La distrofia relacionada con LMNA (L-CMD en inglés) se puede presentar con un cuadro severo en los primeros seis meses de vida.^[3]
En general, los síntomas son los siguientes: debilidad muscular, dificultad en las adquisiciones motoras o ausencia de las mismas, poco control de la cabeza y rigidez espinal en la zona cervical y dificultades respiratorias y trastornos cardíacos como arritmias y dilatación cardíaca. Estos últimos pueden ser los responsables de una muerte súbita.

Diagnóstico[editar]

A diferencia de la mayoría de distrofias musculares, la DMC por déficit de lámina A/C, cuando se hace una biopsia, esta no presenta ruptura de las fibras musculares que indique una degeneración muscular.

Para diagnosticar una distrofia muscular se hace un control de la encima creatina-quinasa si este aumenta, pero no es útil para identificar de forma concreta la DMC asociada al gen LMNA. Tampoco sirve hacer un estudio immunohistoquímico porque no da suficiente información para detectar esta patología.

Así que, el diagnóstico se tiene que confirmar partiendo de técnicas moleculares, es decir, con la secuenciación del gen LMNA.

Tratamiento[editar]

Es una enfermedad que por el momento no tiene cura.
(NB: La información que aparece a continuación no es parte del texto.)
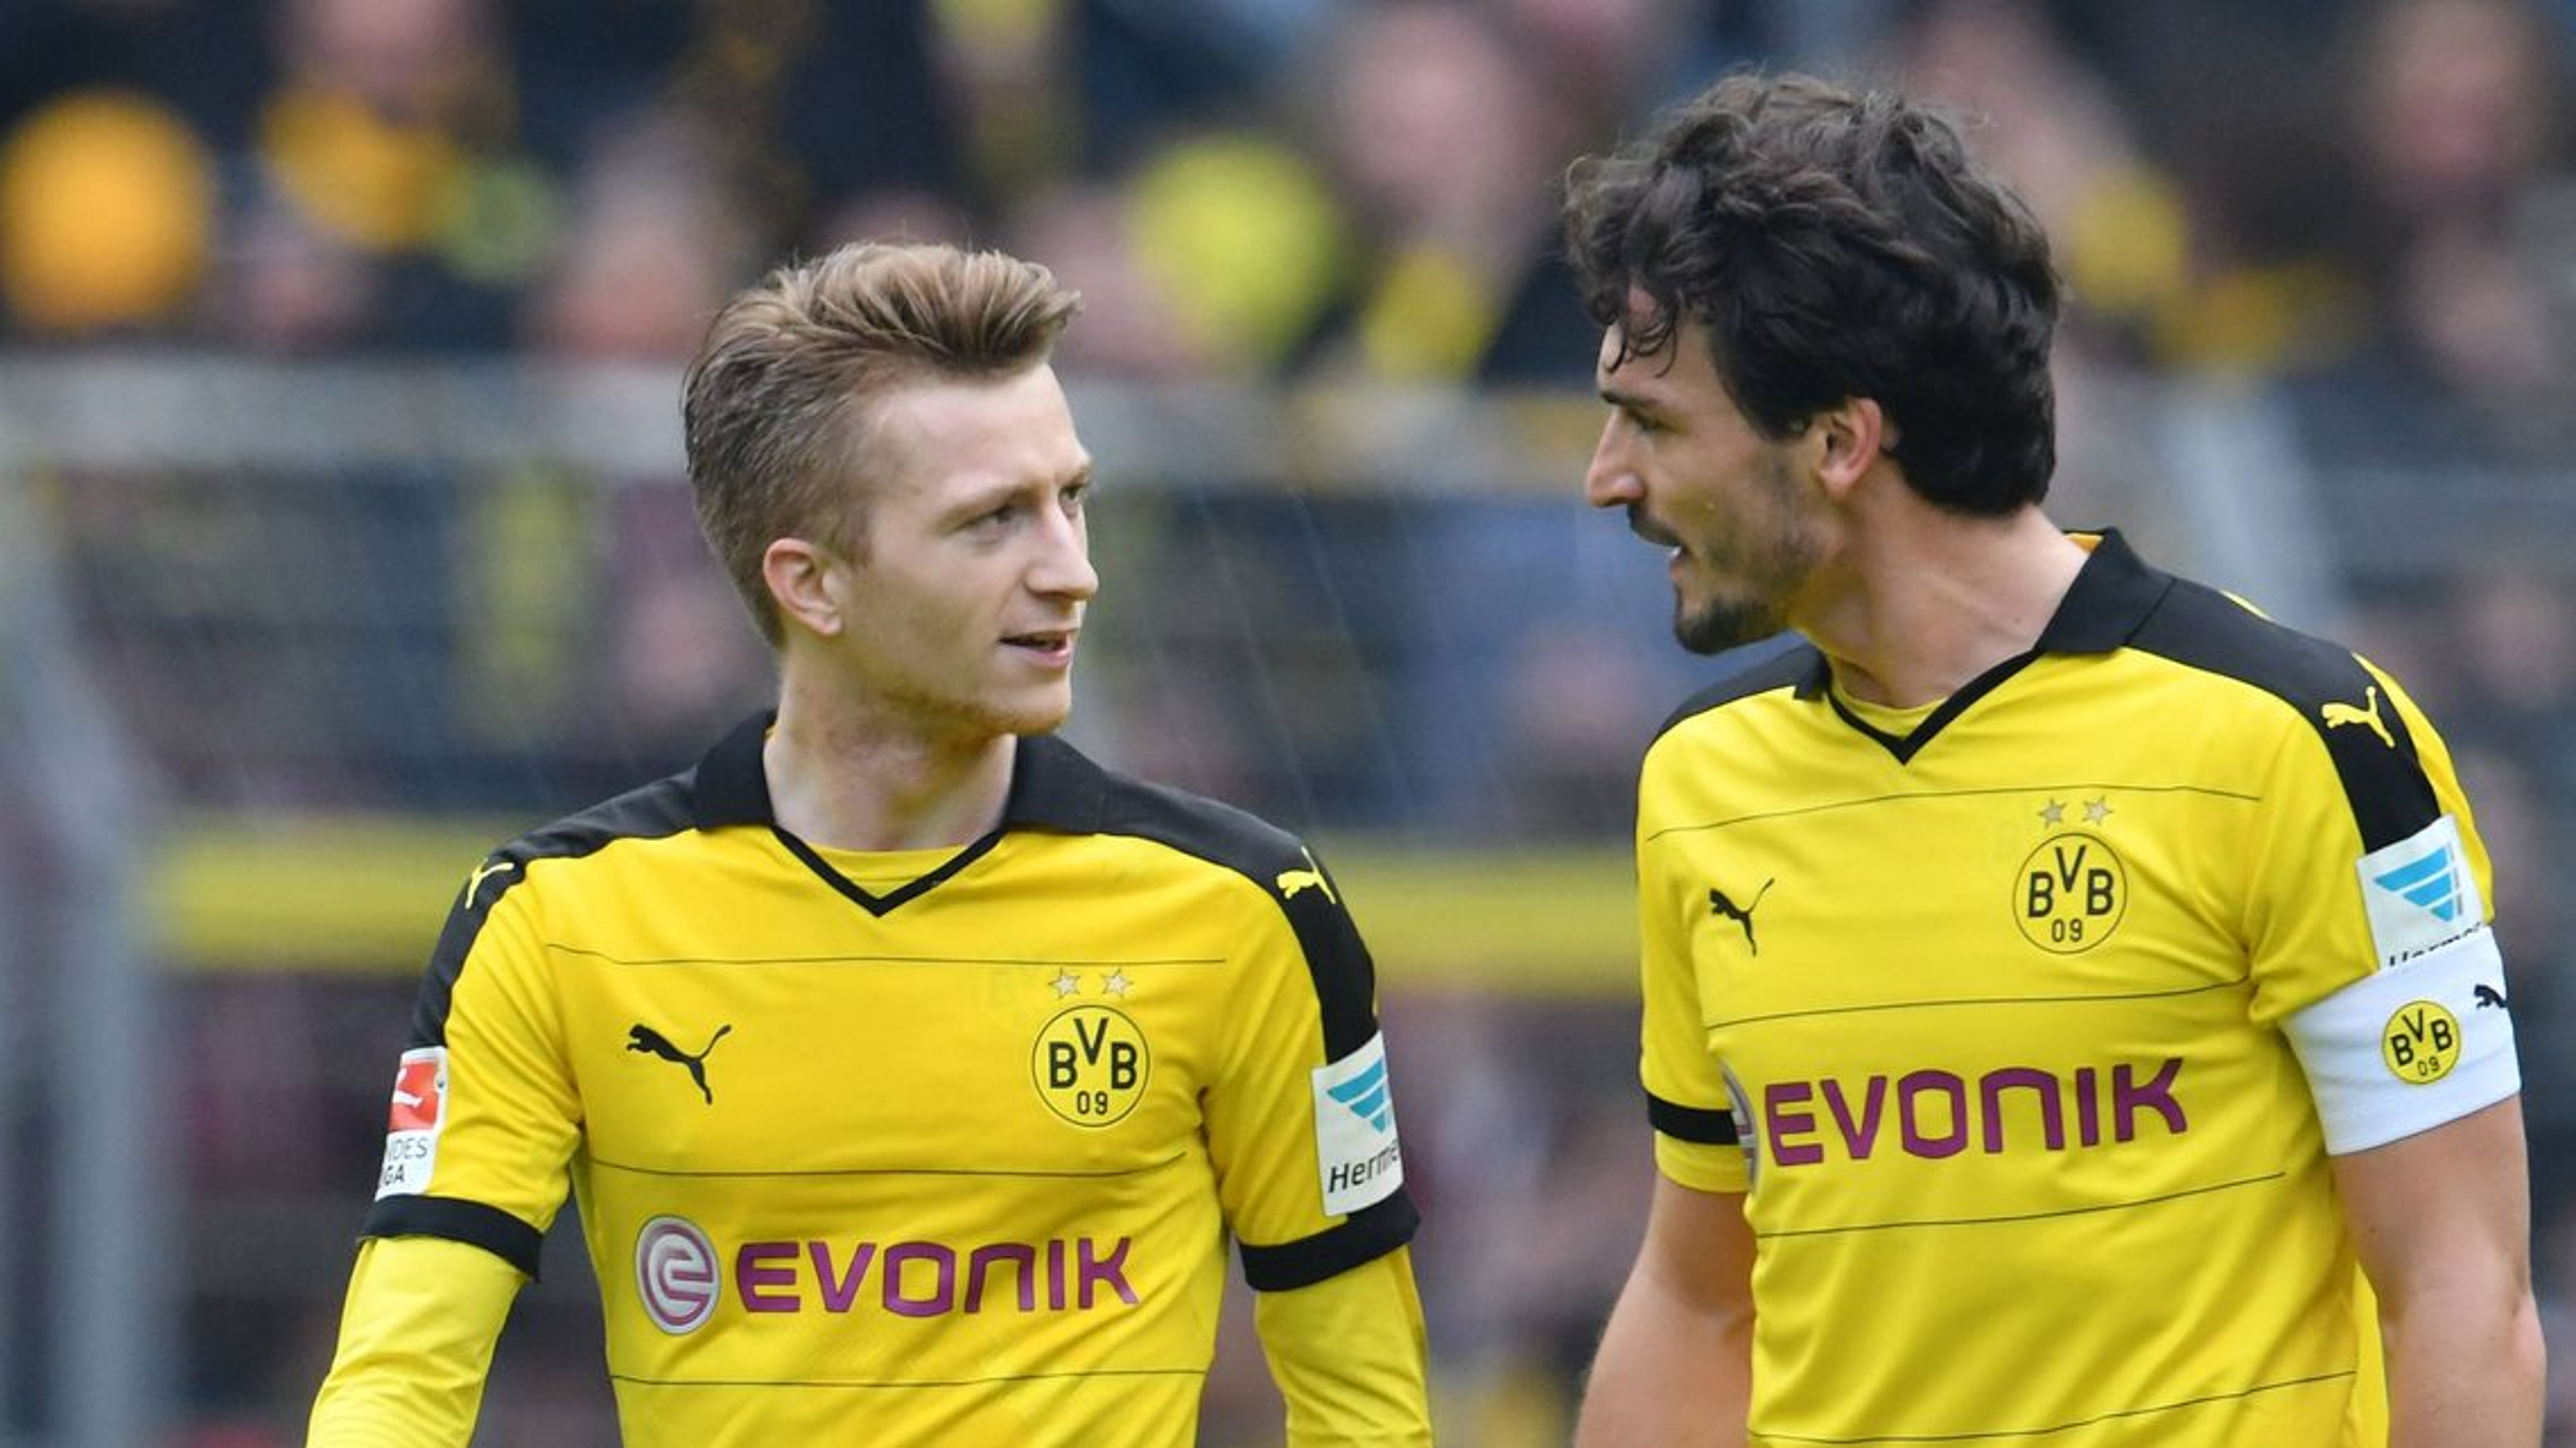 hot sale online ff758 76f14 Bundesliga | Borussia Dortmund: No place like home for Mats ...

Se cree que la cura se puede encontrar arreglando los genes defectuosos que la causan.

Los pacientes que sufren esta patología es un tratamiento paliativo:

Ejercicios y técnicas fisioterapéuticas para evitar posibles contracturas que dificultan el movimiento y provocan dolor articular.
Utilización de aparatos como el BiPAP nocturno o el Cough Assist y Alpha 300.
Monitorización con un linq que es un Holter permanente que monitoriza los ritmos cardíacos constantemente.
Si hay problemas severos de alimentación es necesario la utilización de un botón gástrico.

Pronóstico[editar]

Hay un pronóstico abierto porque es una enfermedad que no se sabe cómo evolucionará. La cura de la enfermedad se podría encontrar a través de algunas terapias avanzadas como CRISPR/Cas9.

Referencias[editar]

↑ ^a ^b Bonne, Gisèle; Leturcq, France; Ben Yaou, Rabah (September 29, 2004; Last Update: November 25, 2015.). «Emery-Dreifuss Muscular Dystrophy». GeneReviews.
↑ Lewin, Benjamin (2001). Genes VII. Madrid: Marbán Libros S.L.
↑ Sparks, Susan E; Quijano-Roy, Susana; Amy Harper, Anne Rutkowski, Erynn Gordon, Eric P Hoffman, Elena Pegoraro, (22 de enero de 2001, Last Revision: August 23, 2012.). «Congenital Muscular Dystrophy Overview». GeneReviews.